O Oceanário de Lisboa anunciou na segunda-feira que está a estudar um projeto de expansão para dar resposta ao crescimento constante do número de visitantes, que em 2017 atingiram 1,3 milhões, o que faz de uma das infraestruturas mais emblemáticas do Parque das Nações o segundo local mais visitado da capital a seguir ao Castelo de São Jorge.
"Estamos a ter grande sucesso, a crescer muito, mas isso coloca-nos um dilema, ou expandimos o Oceanário ou aumentamos os preços", afirmou num encontro com jornalistas José Soares dos Santos, presidente da Fundação Oceano Azul (FOA), concessionária do Oceanário desde a sua privatização. "E a nossa decisão é expandir e adicionar muito mais espaço de experiência sobre os oceanos aos nossos visitantes". O encontro foi realizado a propósito dos 20 anos da Expo 98, que esta terça-feira se comemoram com uma série de iniciativas no Parque das Nações.
A vontade da FOA é arrancar em 2021 com a construção de um novo edifício junto ao edifício principal, que já tem as partes de ligação feitas. "A expansão é inevitável porque a missão do Oceanário é chegar a cada vez mais gente, é fazer com que mais visitantes se possam maravilhar com a vida marinha", sublinha José Soares dos Santos. O investimento previsto ainda não é conhecido e os conteúdos do novo espaço estão a ser estudados. "Repetir o edifício principal com um novo tanque seria um erro e por isso estamos a estudar que experiências novas queremos produzir, com a ajuda de tecnologia". Mas há um conceito que permanece "e que é fundamental na nossa mensagem ao público: na Terra há um só oceano onde tudo está ligado".
Combinar ciência com emoção
Ao contrário dos turistas estrangeiros, os visitantes portugueses "estão em declínio, o que é natural, porque muitos já visitaram o Oceanário pelo menos uma vez". Por isso mesmo, as exposições temporárias do edifício mais pequeno "têm precisamente como objetivo chegar ao público português". Mas para todos os visitantes "o objetivo é combinar a ciência, a racionalidade, com a emoção ao passarmos a mensagem da importância dos oceanos para a sustentabilidade do planeta", destaca o presidente da FOA.

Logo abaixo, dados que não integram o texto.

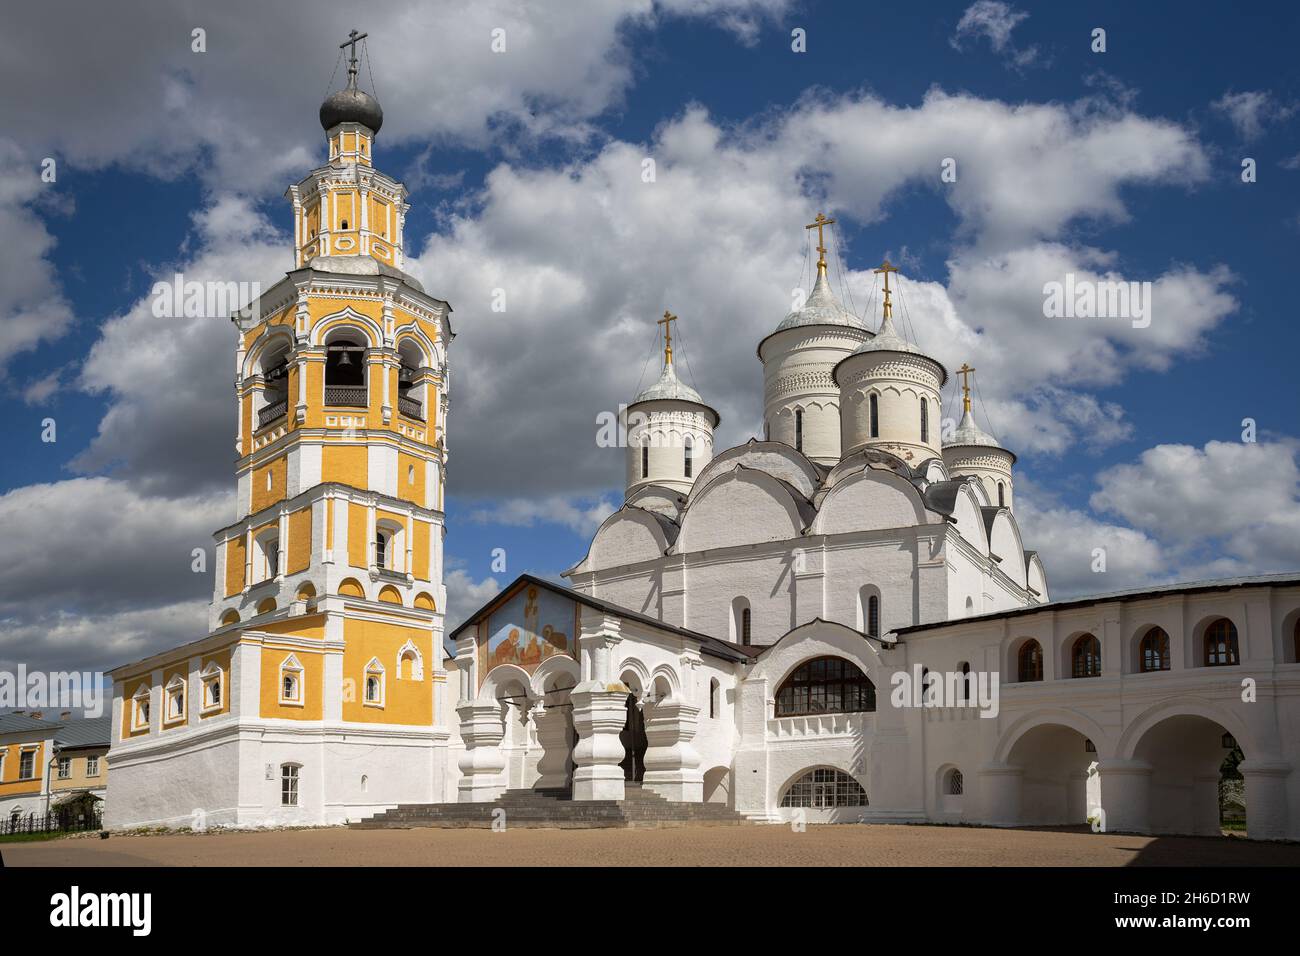 Cathédrale de la Transfiguration du Sauveur et clocher du monastère de Spaso-Prilutsky, Vologda, Russie Banque D'Images

João Falcato, administrador da Fundação, alerta que "nos últimos dois anos a degradação dos oceanos foi devastadora, porque 30% dos corais desapareceram. Se 30% das florestas da Terra desaparecessem em tão pouco tempo, toda a gente diria que era uma situação muito grave". Nesta perspetiva, "no futuro só farão sentido no nosso setor de atividade instituições de conservação". É isso que o Oceanário já está a fazer, porque "todos os lucros que temos são aplicados com esse objetivo desde que foi privatizado em 2015, sem qualquer distribuição de rendimentos ao acionista" (a Sociedade Francisco Manuel dos Santos, do Grupo Jerónimo Martins). Antes, 100% dos dividendos desta infraestrutura revertiam para o Estado.
Desde a entrega da concessão à FOA já foram investidos sete milhões de euros na renovação dos equipamentos "e duplicámos em 2017 o número de pessoas abrangidas pelos nossos programas educativos", que envolveram 168 mil participantes. "Agora vamos passar a levar esses programas às escolas", explica João Falcato. Na conservação das espécies marinhas e dos ecossistemas a FOA tem financiado projetos nas universidades, tendo investido 500 mil euros em dois anos, "mais do dobro do que foi investido nos 18 anos anteriores".

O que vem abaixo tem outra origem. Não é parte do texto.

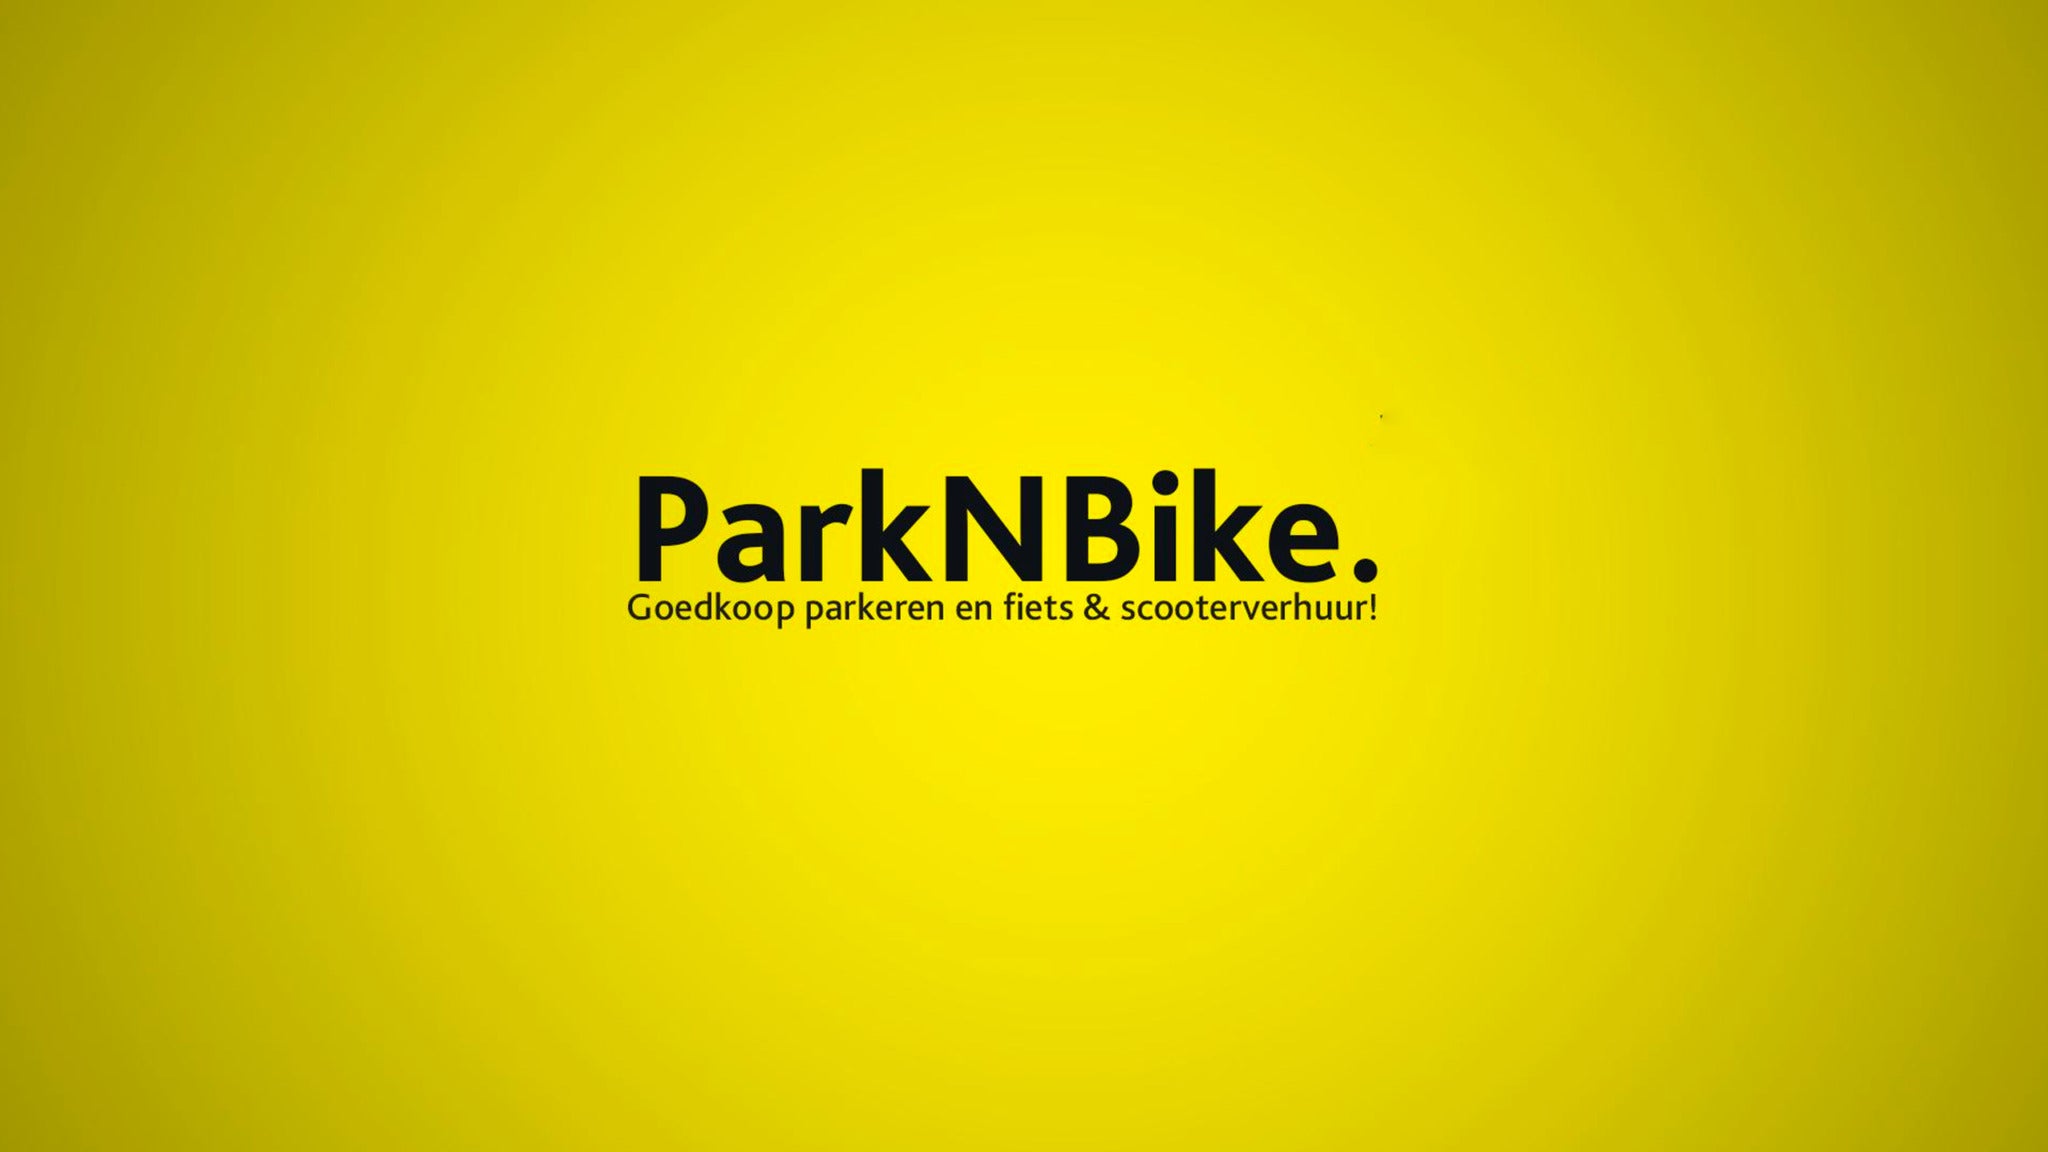 Parking ticket ParkNBike day ticket

Passar a mensagem da sustentabilidade
E a mensagem da sustentabilidade passou também para as próprias instalações do Oceanário. A loja e o restaurante foram alargados e remodelados e o objetivo em três anos é ter 95% dos produtos vendidos sustentáveis num espaço que agora se chama Seathefuture. "Temos de ser coerentes com o que defendemos e para já temos 30% de produtos sustentáveis na loja, devidamente identificados", revela o administrador.